Когда санки уже выкатывали на лед, случилось, то чего Егор боялся: послышался треск, деревянные полозья под парнями разъехались и, Иван кувырком откатился в одну сторону, а Егор в другую сторону, сгребая под собой кучи снега. Визг, хохот, улюканье и, через мгновение, на Ивана обрушился белый, мягкий комок в шушуне, осыпав глаза мокрым снегом. Когда Иван смог открыть глаза, то увидел на себе чудо дивное. Девичья, русая коса щекотала нос. Глаза, как береста на березе, выглядывают, с тревогой и любопытством, из под повойника. Снег стаивал с лица Ивана и скатывался по шее на спину под зипун, но Иван не чувствовал холода. Он просто утонул в этих удивленных, бездомных глазах.
– О боже! Цаплёнок с неба сваливси! – Иван посмотрел на голубое, с рядами белых облачков, небо, – Никак, тыя с путя сбилась? Вона, твоя подружки, по небу плывуть.
– Не сбилась я с путя. Это ты ляжишь на моейю путя.

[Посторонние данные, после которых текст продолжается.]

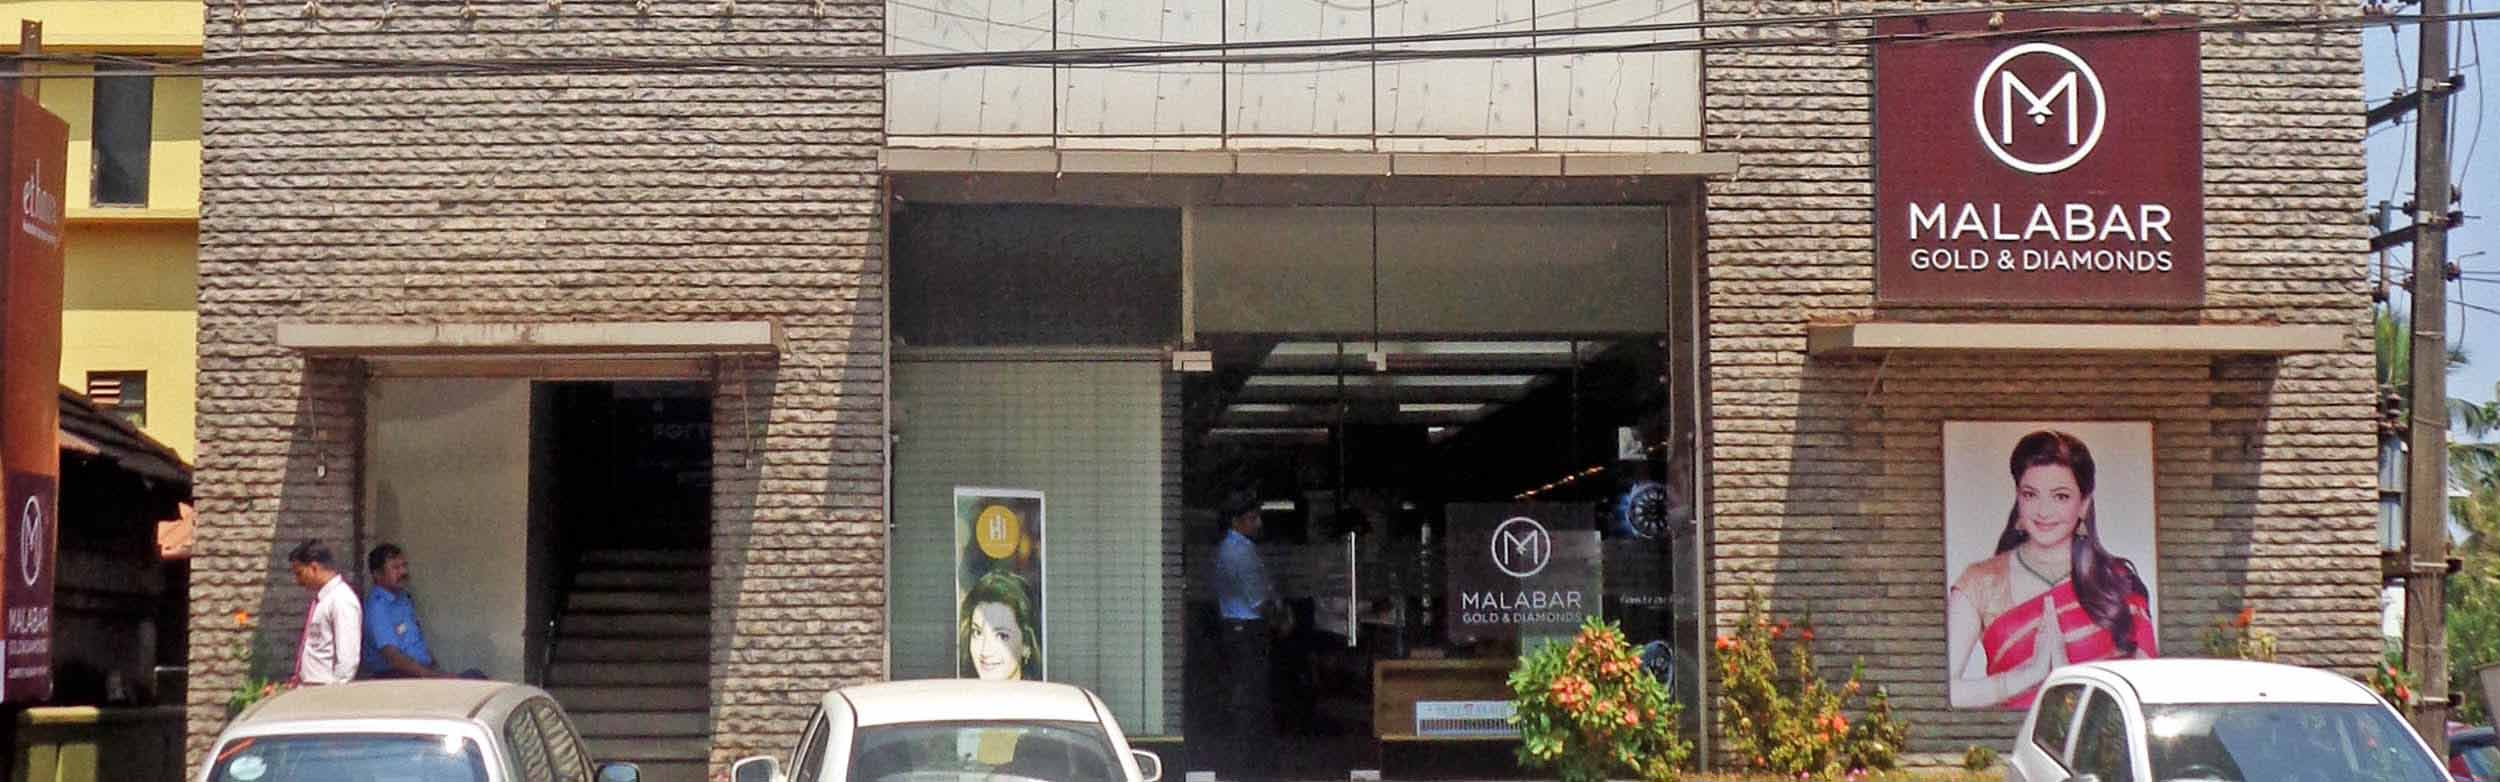 Malabar Gold & Diamonds Stores in Manjeri, Kerala

– Ну, ты тожа ляжишь. Да я ничо, ляжи. Оно ляжмя теплей будять.
– Ишо, чавоть. Я стоймя не можу. У меня одёжа за твоя санцы причапилась.
– Катерина! Ты чаво на Ваньке рузвалилася? – девки окружили подружку, пытающуюся слезть с парня, – Аль, прилипла, чоли?
– Отчапитя миня! Узади шушун за санцы зачепивси. Порву, мамка наругаеть.
Подружки осторожно отцепили край шубки от треснувшего полозка и подняли раскрасневшуюся, толи от холода, толи от смущения, Катерину.
– Значит, Катенька ко мне у гости прилетала? – Ванька вскочил на ноги, отряхнулся от снега и подошел к девушке, – Можа судьба нас ненарошно счепила? Где ж такие цаплята водятси?
– А то не знаш! Бреевские мы. Вот пришли поглядеть, как ваши с нашими биться будуть. Энтот раз ваша взяла. Сёдня наша возмёть.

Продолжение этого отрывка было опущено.